Shared Memory Multiprocessor System Performance
Simulating Shared Memory Multiprocessor System Performance
In simulating the performance of shared-memory microprocessors, the study Shared-Memory Multiprocessor Systems -- Hierarchical Task Queue (Serrazi, 2007) seeks to isolate the effects of parallel processing as it relates to memory and process resource allocations. The researcher who also wrote this analysis relied on a series of very precise simulations of multiprocessor performance that sought to define variables to quantify the allocation of memory and processor performance in centralized, distributed, and highly hierarchically-driven memory and application load performance across a standardized memory usage architecture (Serrazi, 2007). The researcher concludes that of the three approaches to testing shared-memory multiprocessor systems, hierarchically-based methodologies are the most effective in optimizing shared memory performance as they compensate for shared memory performance. The author and researcher concludes from this analysis that the hierarchical model is the best for equally balancing workloads across tasks queues and seeking an optimal performance level. This imbalance of tasks queues could easily be averted through the more use of more efficiently algorithms, yet the researcher reverts to a more hierarchically-based approach to allocating processing across the multiple tasks running in the simulation. A more robust approach to defining the overall optimization of tasks through the multi-processor simulation is needed for the simulations to be fully illustrative of overall performance. In addition the methodology takes a relatively simplistic approach to a very complex problem of measuring the relative performance of shared memory, processor and system-based task overhead. The rudimentary approaches to defining load balancing in the methodology need to be re-thought to take into account more of an iterative approach to testing load balancing and seeking to optimize this factors across system constraints. There is no constraint-based modeling in this simulation to the level that would be necessary to use these results for actual Research & Development (R&D) efforts and strategies (Unger, Bidulock, 1982). The simulation concludes that hierarchically-based approaches are best for managing shared memory and seeking to optimize shared memory queues. The simulation achieves its stated purpose yet has much room for improvement.
Improvements For This Study
The study has been designed with a methodology that virtually assures hierarchical aspects of testing will deliver the greatest level of performance for shared memory process configurations. The load balancing and task queues are designed to be optimally balanced across parallel or asynchronous queues, which further biases the results of the study. One of the major factors in the study being so optimized with a hierarchical design is that fact that optimizing across that structure is much more predicable from a memory allocation and processor performance standpoint.
Second, the methodology does not include enough randomization of data packet sizes, speeds, composition or the inclusion or exclusion of specific randomized packets. All of these factors will force a dual- and multi-processor configuration to exponentially slow down and even freeze if pushed to the limits. Yet the researcher does not do this; he doesn't get to the level of load on the system to force it to fail. This would be extremely valuable to know across each of the testing scenarios. Yet that is lacking from the study.

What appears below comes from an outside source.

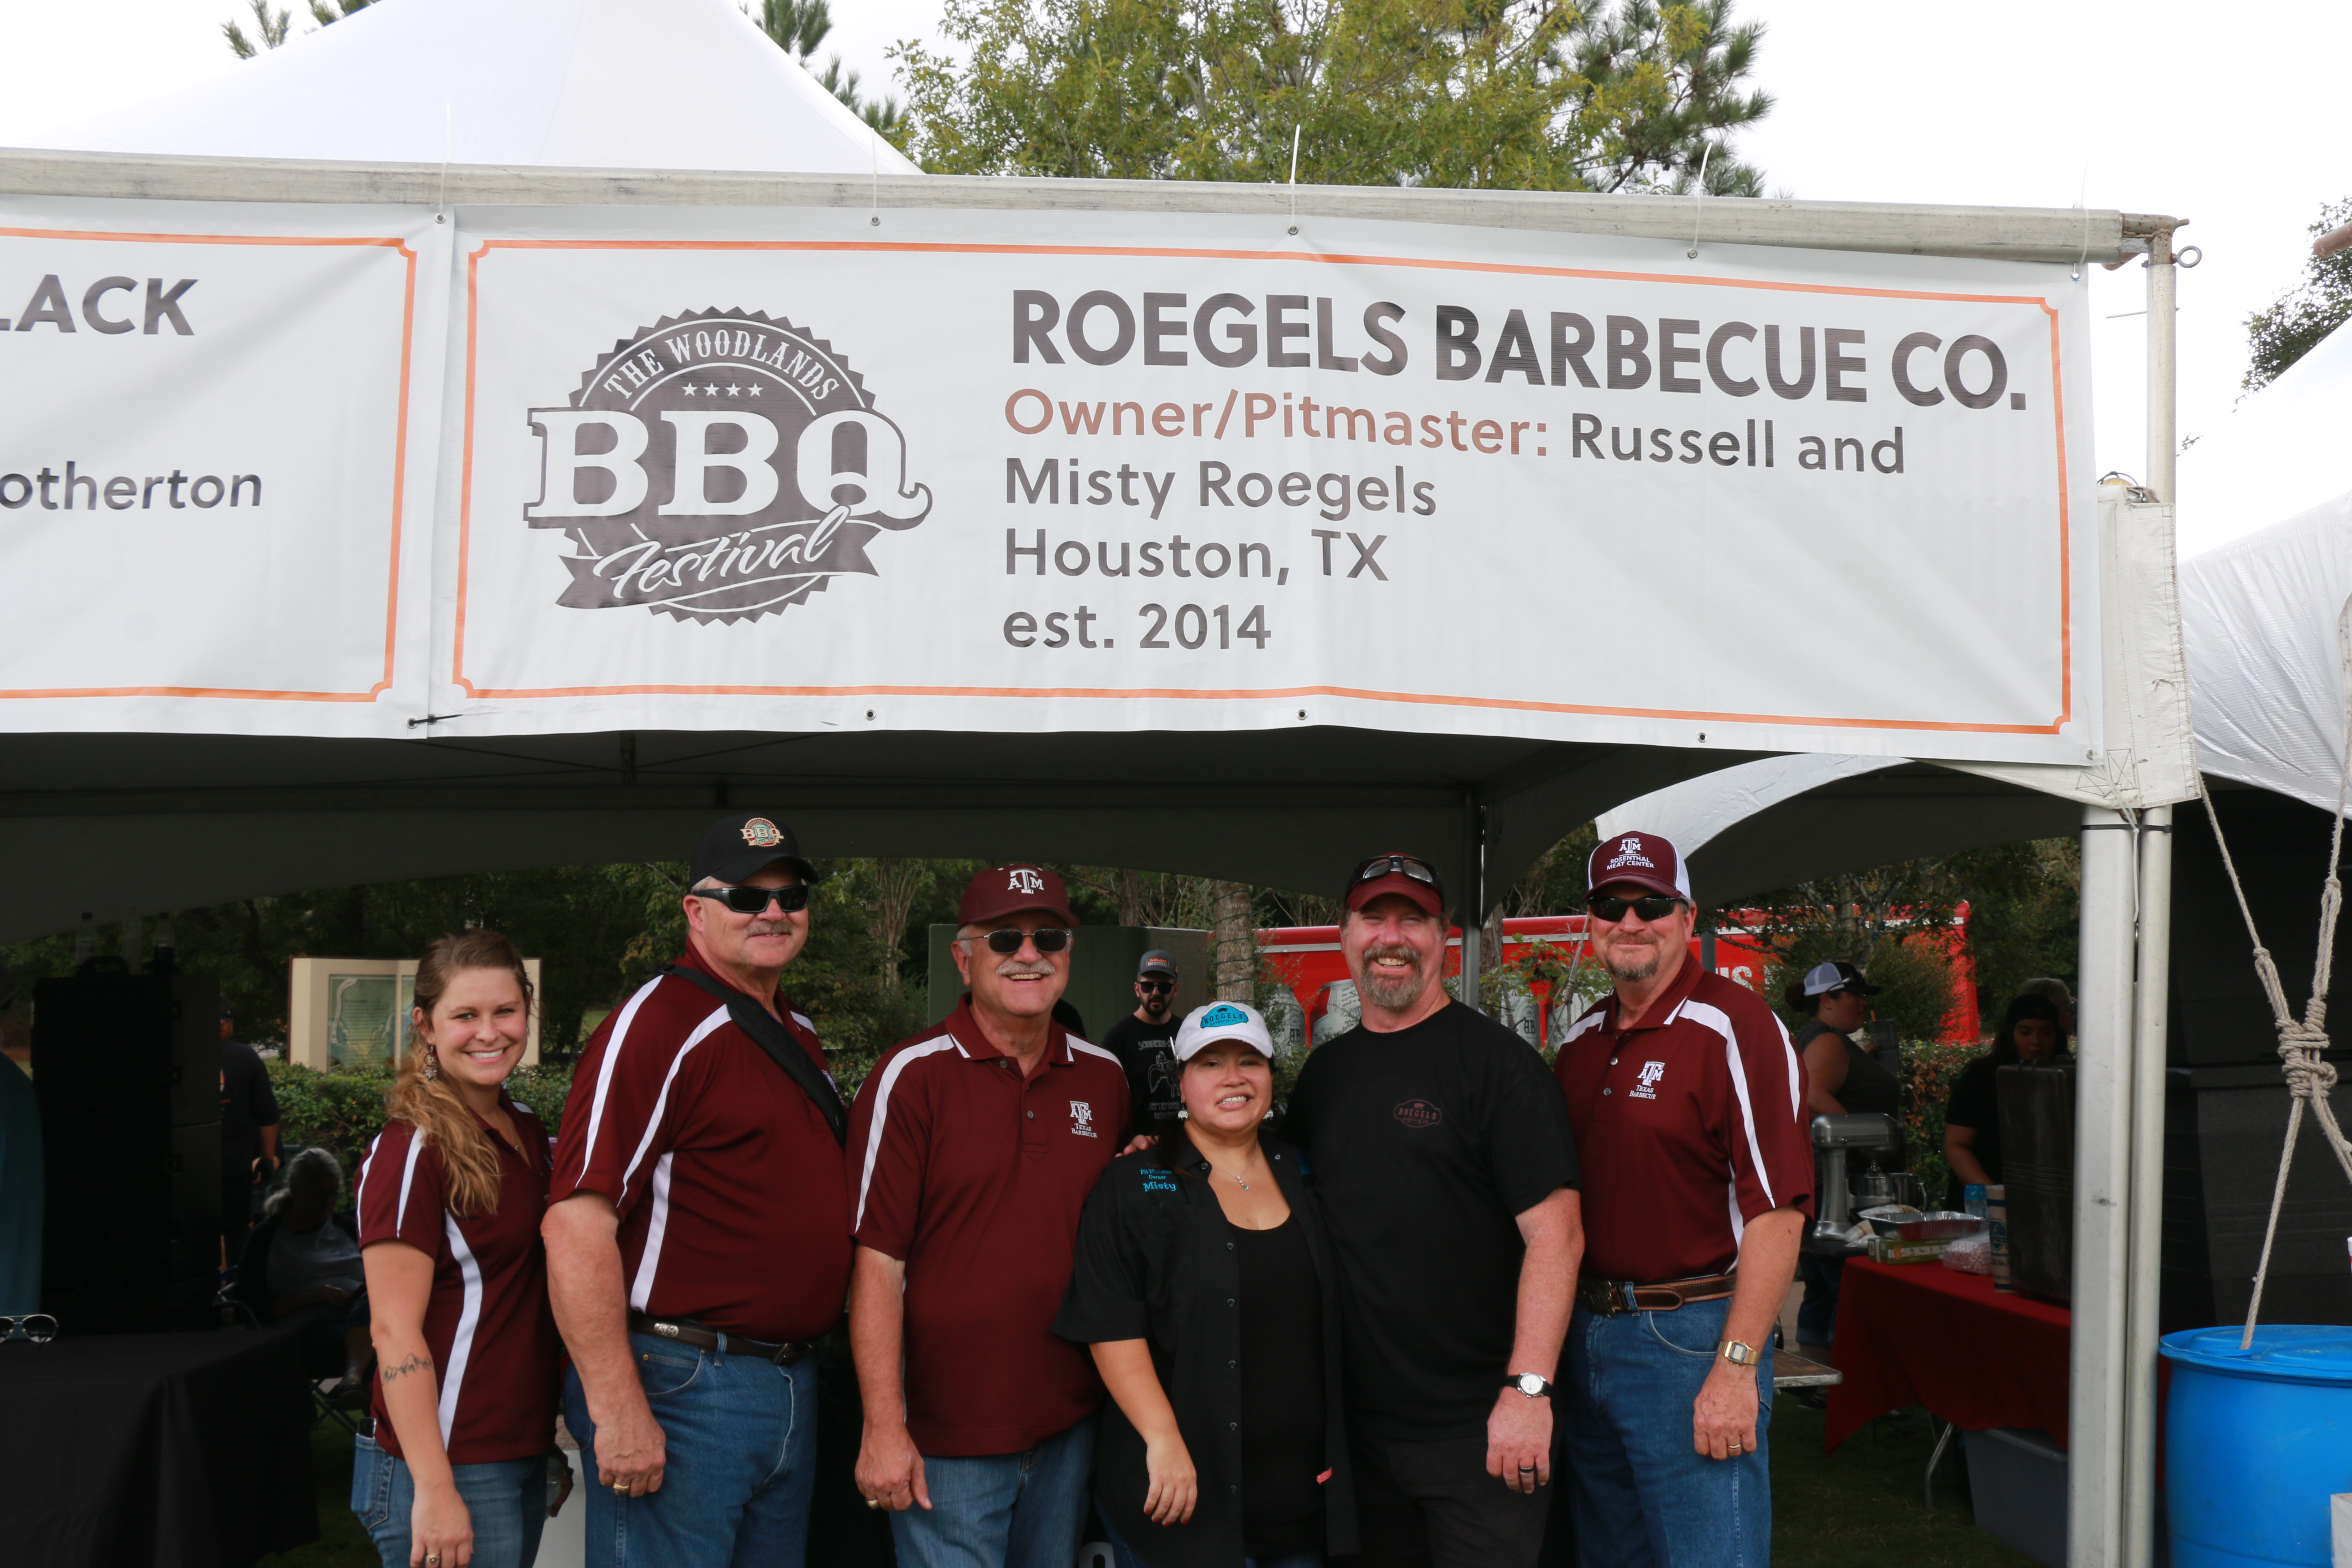 Brogan, Davey, Jeff, Misty Roegels, Russell Roegels, and Ray in front of the Roegels Barbecue booth at The Woodlands BBQ Festival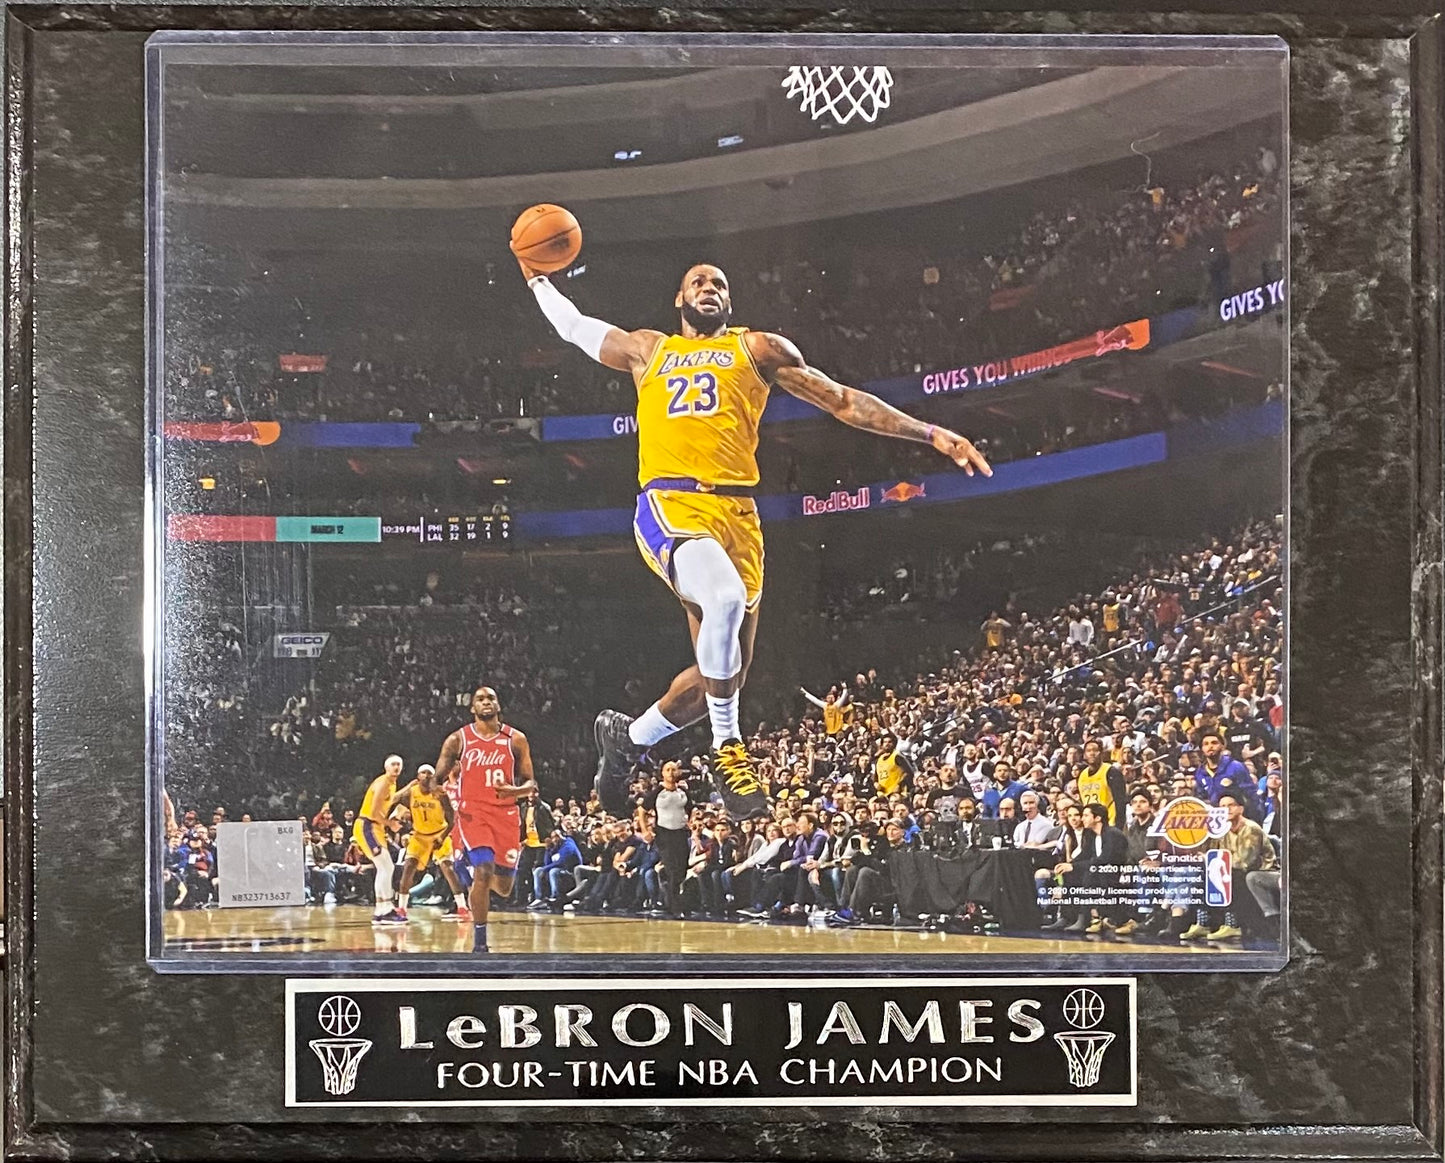 Lebron James Four Time NBA Champion Los Angeles Lakers Player Wall Plaque

Third, the variation in cache levels, not randomized enough to stress the overall multi-processor performance, could use a much more rigorous level of analysis as well. The approach to randomization of cache levels is also nearly assuring the hierarchical aspects of the methodology will also be chosen. Again the researcher does not push the multi-processor configuration to the brink of failure and less than optimal results are generated as a result.